Затем, после избиения, проклятий и пытки водой, с головы Биня сдирали мокрую тряпку, являя зрителям лицо Юна, понимающего, что ему вряд ли еще когда-нибудь представится такая возможность взять “Оскара” за лучшую мужскую роль второго плана. От него уже много раз избавлялись на экране как от безликого уроженца Востока, но ни одна из тех смертей не была такой мучительной, такой благородной. Смотри-ка, сказал он мне как-то вечером в гостиничном баре. Мне всаживал нож в спину Эрнест Боргнайн и стрелял в голову Фрэнк Синатра, меня убивал кастетом Роберт Митчем, душил Джеймс Коберн и вешал один характерный актер, которого ты не знаешь, а еще один сталкивал с небоскреба, я выпрыгивал из иллюминатора цеппелина и попадал в лапы к китайским гангстерам, которые запихивали меня в мешок с бельем и топили в Гудзоне. Ах да, еще мне выпускал кишки взвод японцев. Но каждый раз это была быстрая смерть. Каждый раз мне доставалось всего несколько секунд экранного времени, и то в лучшем случае. Но теперь – и он снова блеснул своей ошеломительной улыбкой, достойной королевы красоты в момент коронования, – теперь им придется убивать меня целую вечность.
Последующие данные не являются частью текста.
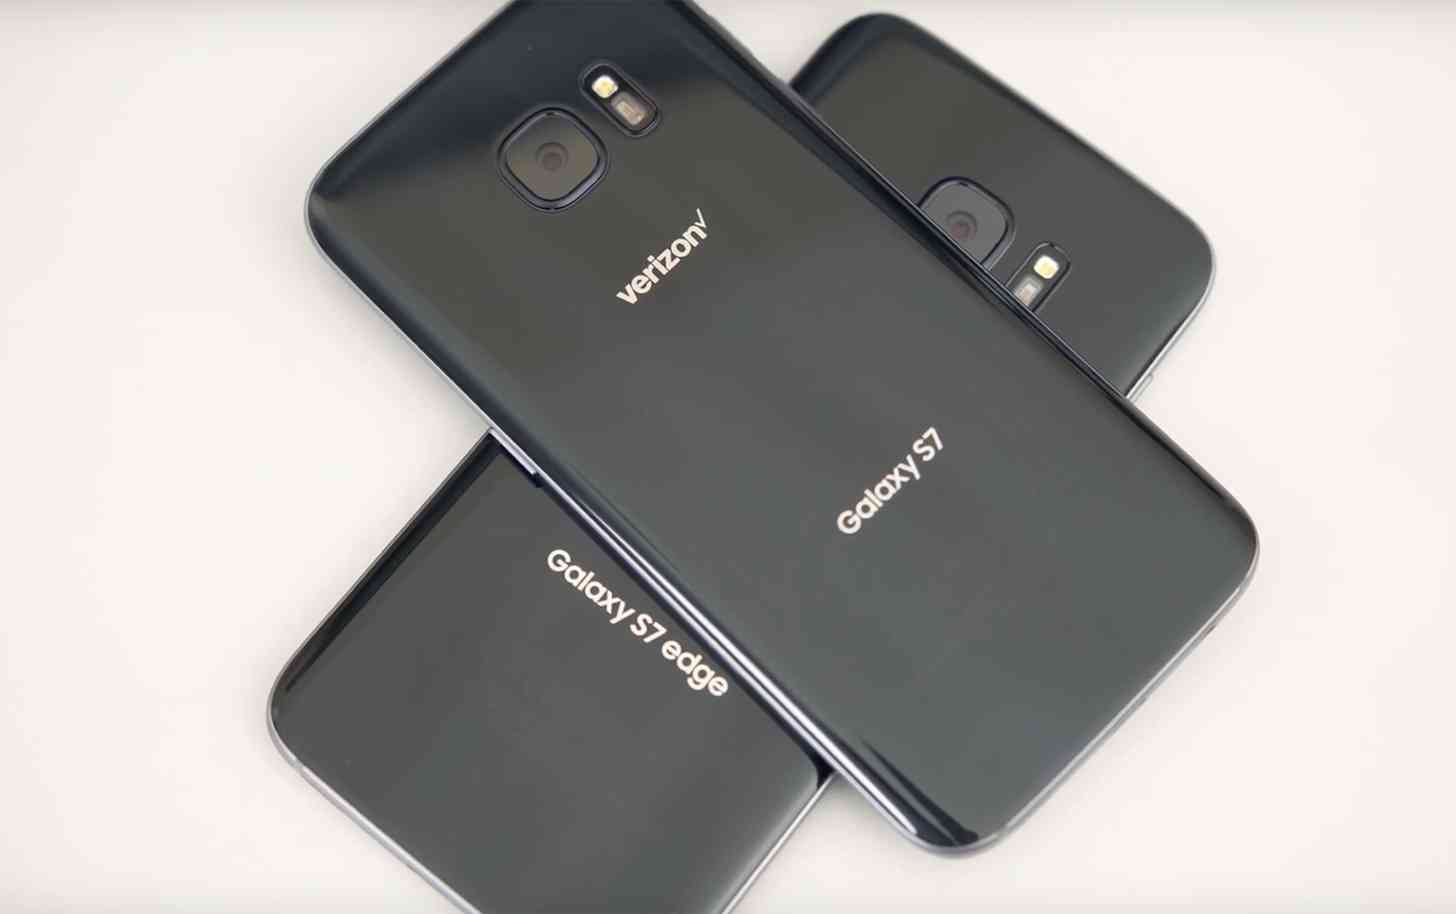 Verizon Galaxy S7, S7 edge hands-on

Итак, когда тряпку разматывали – а в течение допроса это происходило многократно, – Джеймс Юн озирался вокруг с жадным упоением человека, понимающего, что хотя бы на сей раз он не останется в тени бесконечно обаятельного непобедимого херувимчика, чья мать запретила ему смотреть на это безобразие. Он морщился, он стонал, он хрипел, он кричал, он вопил, он рыдал – и все настоящими слезами, берущимися из какого-то неиссякаемого источника в недрах его тела. После этого он орал, визжал, вопил, извивался, корчился, выгибался, метался и бился в судорогах, а завершилось все это тем, что его вырвало густой, кисло пахнущей массой, недопереваренным завтраком из яичницы с чоризо. Когда был отснят первый продолжительный дубль, на поляне воцарилась благоговейная тишина – члены группы ошеломленно взирали на то, что осталось от Джеймса Юна, измордованного, как нахальный раб на американской плантации. Сам Творец взял влажное полотенце, опустился на колени около все еще привязанного к доске Юна и бережно стер блевотину с его лица. Это было великолепно, Джимми, просто великолепно.
Спасибо, пробормотал Юн.
А теперь давай еще разок. Ну, знаешь, на всякий случай.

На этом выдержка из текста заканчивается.